Data_1, Data_2 and Data_3 are large numpy arrays of size n x 12, where n is typically larger than 200,000.
Each call to the multiprocess_timesteps_bins function returns a tuple of a unique bin_id and a list of 30 different calculated properties for the bin. results is then added to a dictionary with the timestep as the key.
That's the general flow of my code and it's quite a bit quicker than any single-threaded implementation but I'm aware that the opening and closing of the processing pool within each timestep loop is probably a really bad idea but the reading and subdivision of data needs to be done per timestep as I don't think running multiple processes where each one is reading the same data a few thousand times is better.
From a few print statements it seems that there may be several seconds required starting up the pool each timestep and maybe some more time spent shutting it down.
As I said, I'm not overly familiar with multiprocessing yet so I'm not quite sure what is the best way to set up a problem like this - I'm assuming my implementation is not how it should be done, but it works and it's faster than single threaded.
Should I be using some other dynamic queue that I open at the start and then pop items into that queue during each timestep?
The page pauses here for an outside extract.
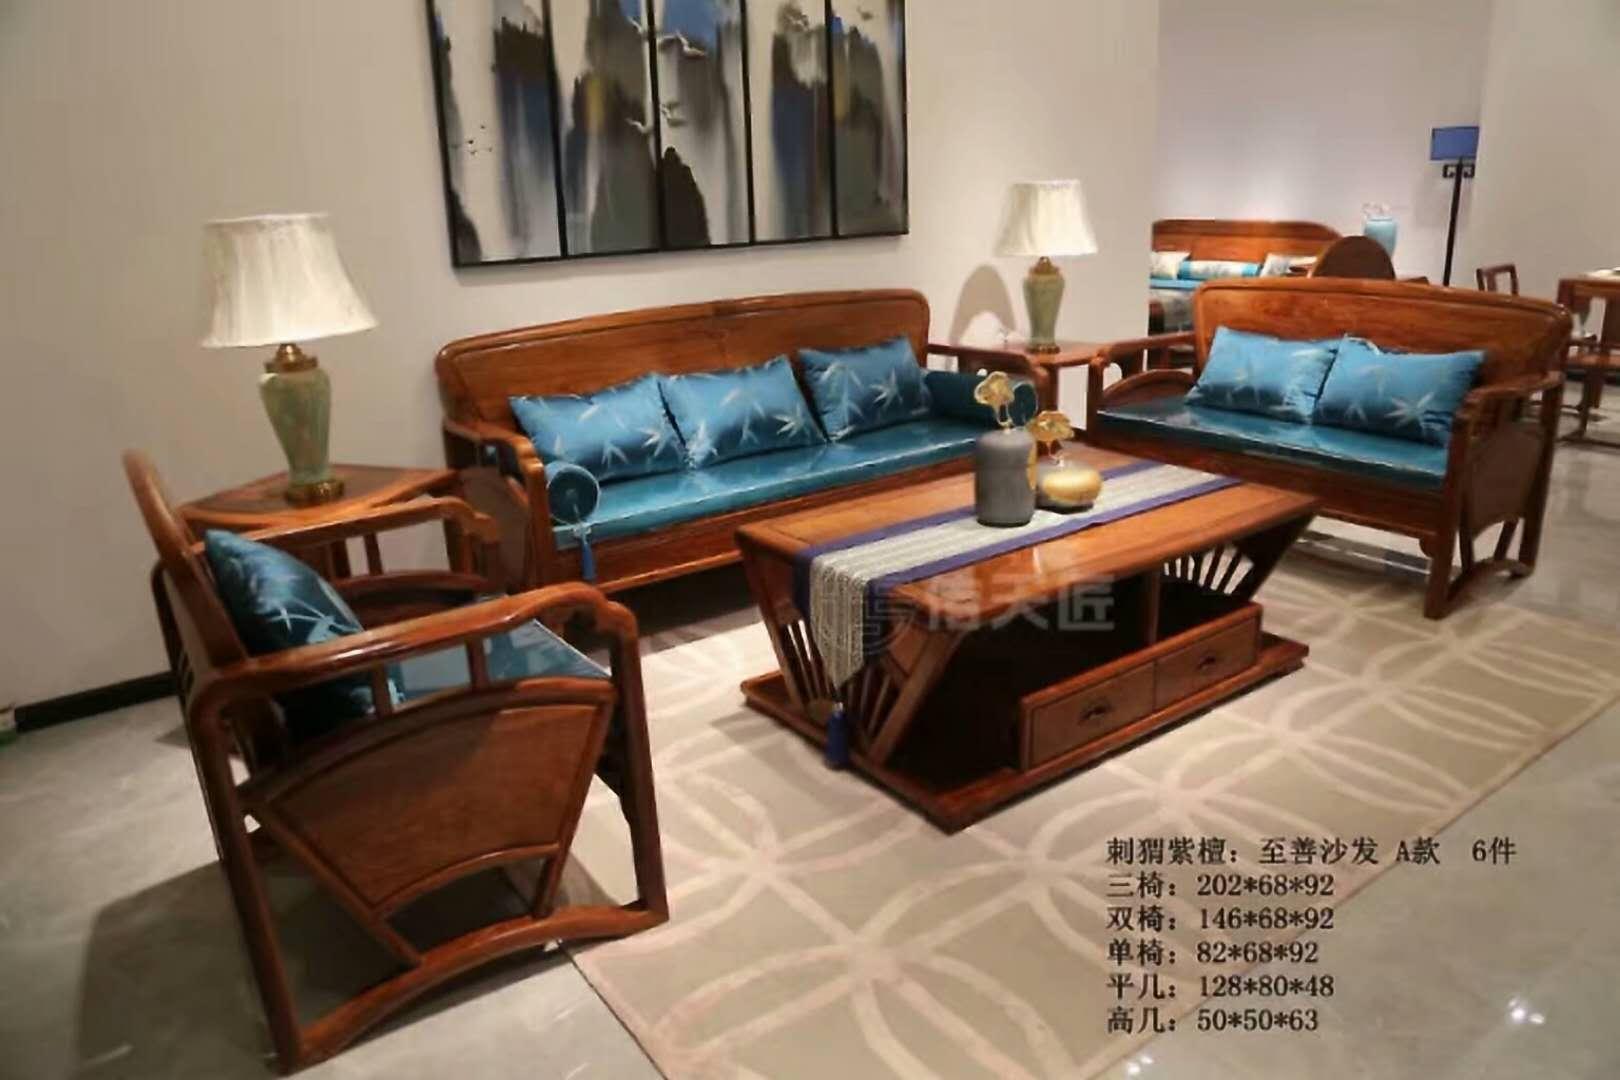 懷化傳天匠至善紅木家具-東莞價位合理的傳天匠至善紅木家具供銷

And then close once at the end?
I think what I want to do is this - move the pool creating outside the loop, read the data and then use starmap to call multiple processors to processes the bins, and because starmap is a blocking call I can just process the results before restarting the loop, while keeping the pool open.
Only close and join when I'm finished this part of the code.
This will save a lot of time for starting and shutting down the pool each timestep when using the context manager ad should be ok to use like that?
Any pointers or suggestions welcome.